Mesmo após anúncio do adiamento, professores de Pinda protestam contra a retomada das aulas presenciais

Profissionais pedem vacinação de todos os contratados da rede municipal de educação e adequação das unidades para retorno seguro às salas de aula

Manifestação de profissionais da Educação na Câmara de Pinda; grupo é contra a volta às aulas sem vacina (Foto: Bruna Silva)

Bruna Silva
Pindamonhangaba

Cerca de cinquenta profissionais da Educação e apoiadores participaram, nesta segunda-feira (7), de uma manifestação contra a retomada das aulas presenciais na rede municipal em meio à pandemia e o processo de vacinação.

Apesar do anúncio da Prefeitura, suspendendo o retorno previsto para este mês, os educadores reclamavam da falta de uma publicação oficial, com o planejamento e o cronograma das ações.

A carreata foi organizada desde o início do mês, em oposição à medida da secretaria de Educação, que esperava retornar, conforme as normas do Plano São Paulo, as aulas presenciais na rede. Mas as tratativas foram questionadas pelos manifestantes. “Esse movimento é para que, se eles (secretaria de Educação) mantiverem o calendário, né, que pelo menos garanta a vacina a todos os profissionais, para não levar o risco para os funcionários, para os alunos e para as famílias”, ressaltou a organizadora e funcionária da Educação, Érika Cândido.

Entre os apontamentos, os manifestantes destacaram ainda a falta de estrutura necessária, como totens de álcool em gel nas salas de aula, para a retomada segura.

Protestos tiveram início durante a tarde com carreata pela cidade (Foto: Bruna Silva)

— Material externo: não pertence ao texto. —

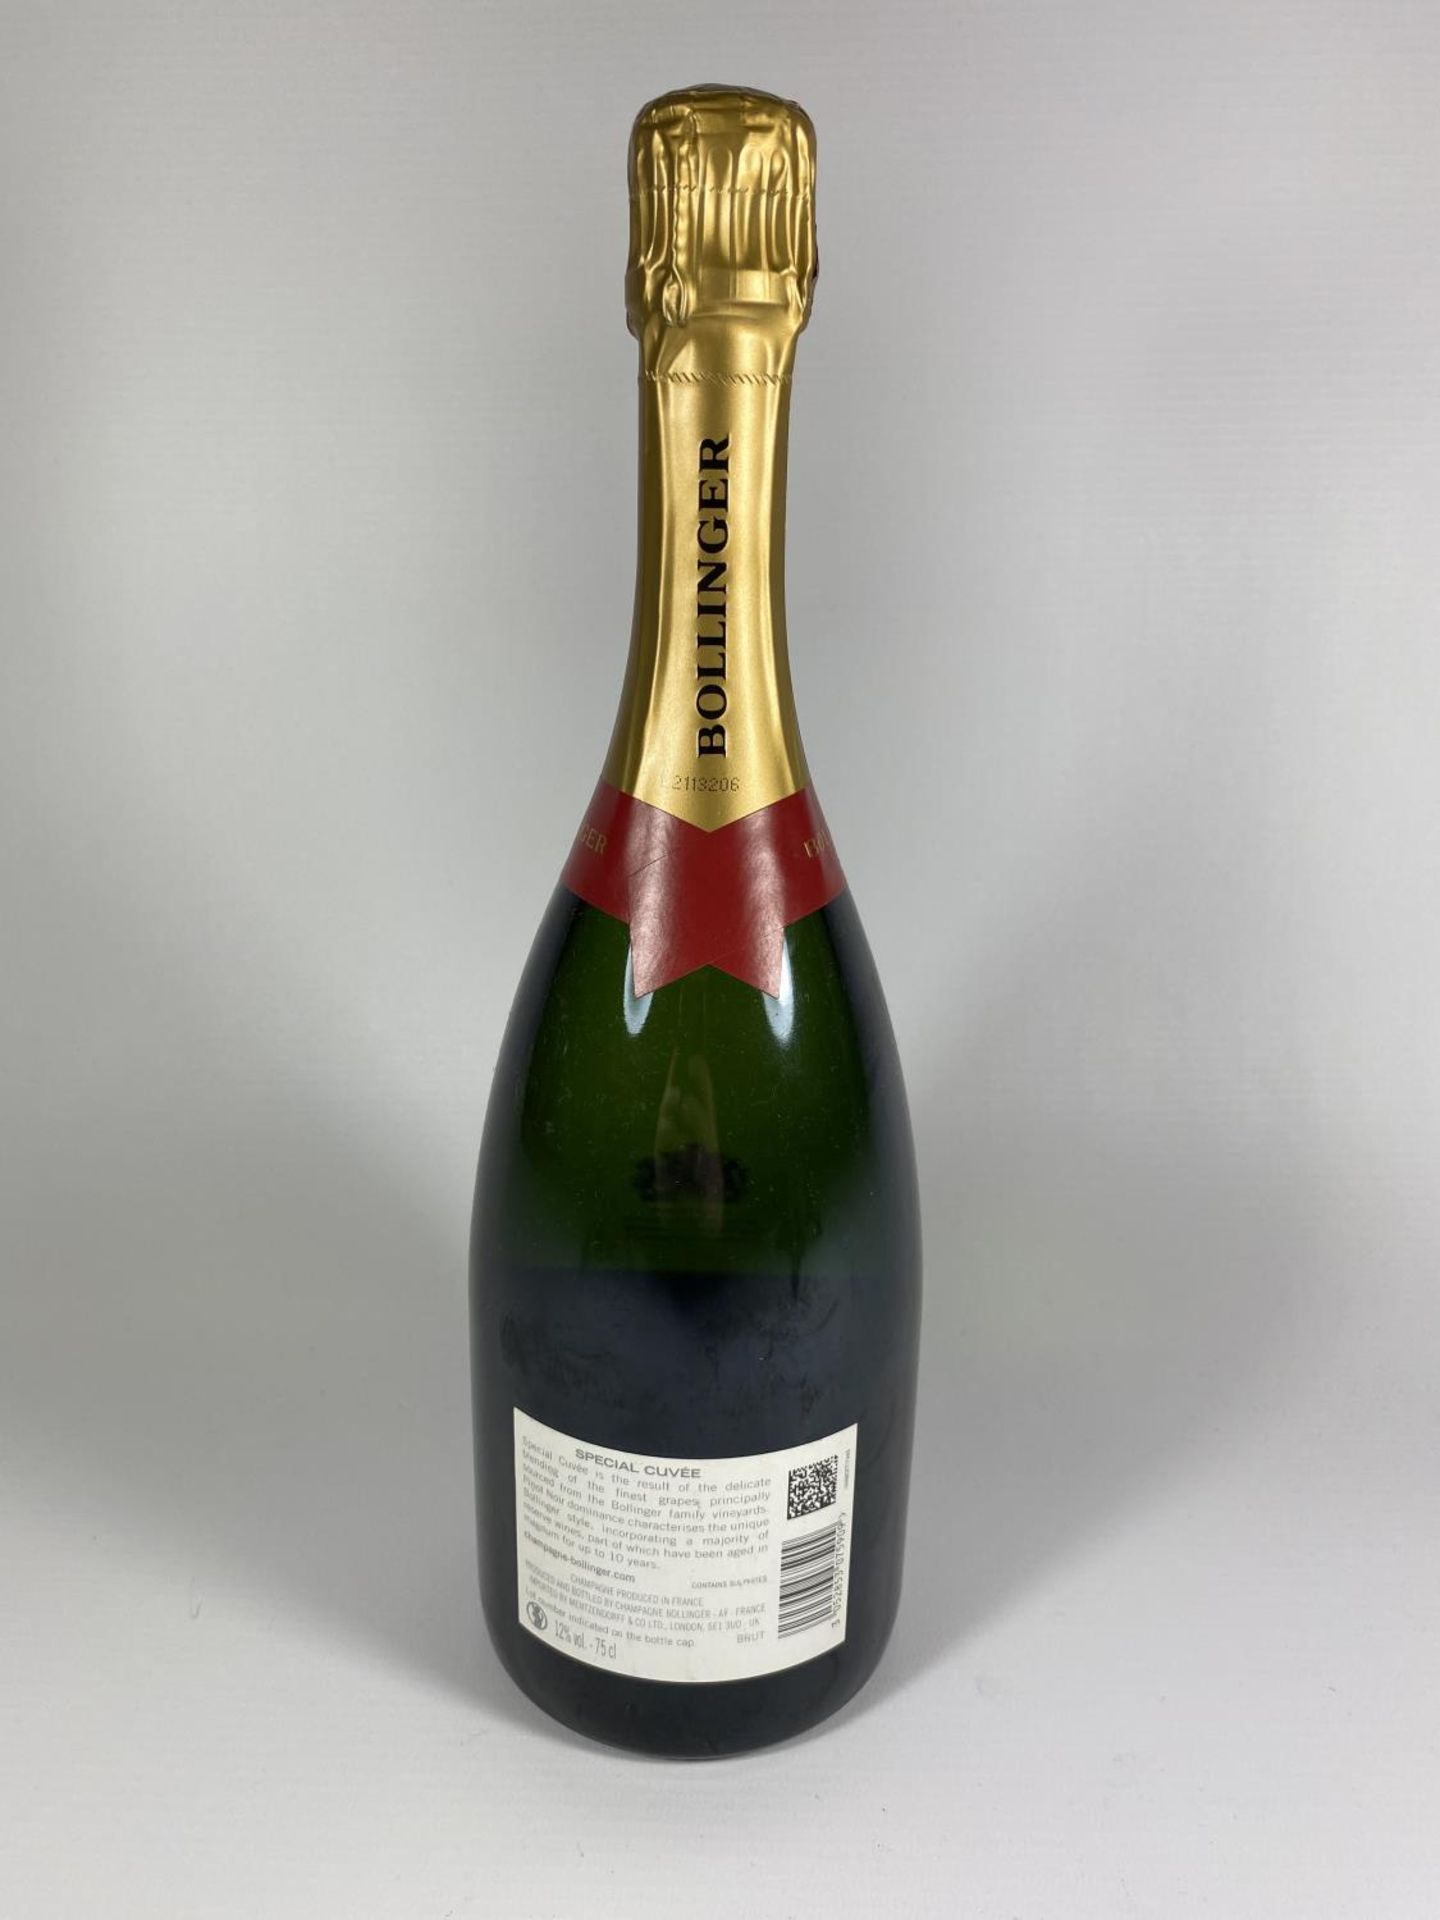 1 X 75CL BOTTLE - BOLLINGER SPECIAL CUVEE CHAMPAGNE - Image 3 of 3

A manifestação saiu da Câmara de Vereadores, passou pelas principais ruas do Centro de Pindamonhangaba e terminou em frente à Prefeitura, local em que cerca de 15 profissionais foram recebidos para diálogo com a secretaria de Saúde, Valéria dos Santos, o secretário adjunto de Comunicação, Fabiano Vanone e pelo chefe de Gabinete, Rodrigo Lóssio.

Na noite do último domingo (6), o Município comunicou, por meio de uma nota, o adiamento do retorno às salas de aula, que estava previsto para os próximos dias 21 e 22. Segundo a gestão, houve uma pesquisa, com os pais de alunos do ensino fundamental 1, que apontou que 70% era favorável à retomada.

A projeção é que novos programas sejam preparados para ofertar soluções que auxiliem a comunidade escolar diante das perspectivas sanitária e educacional.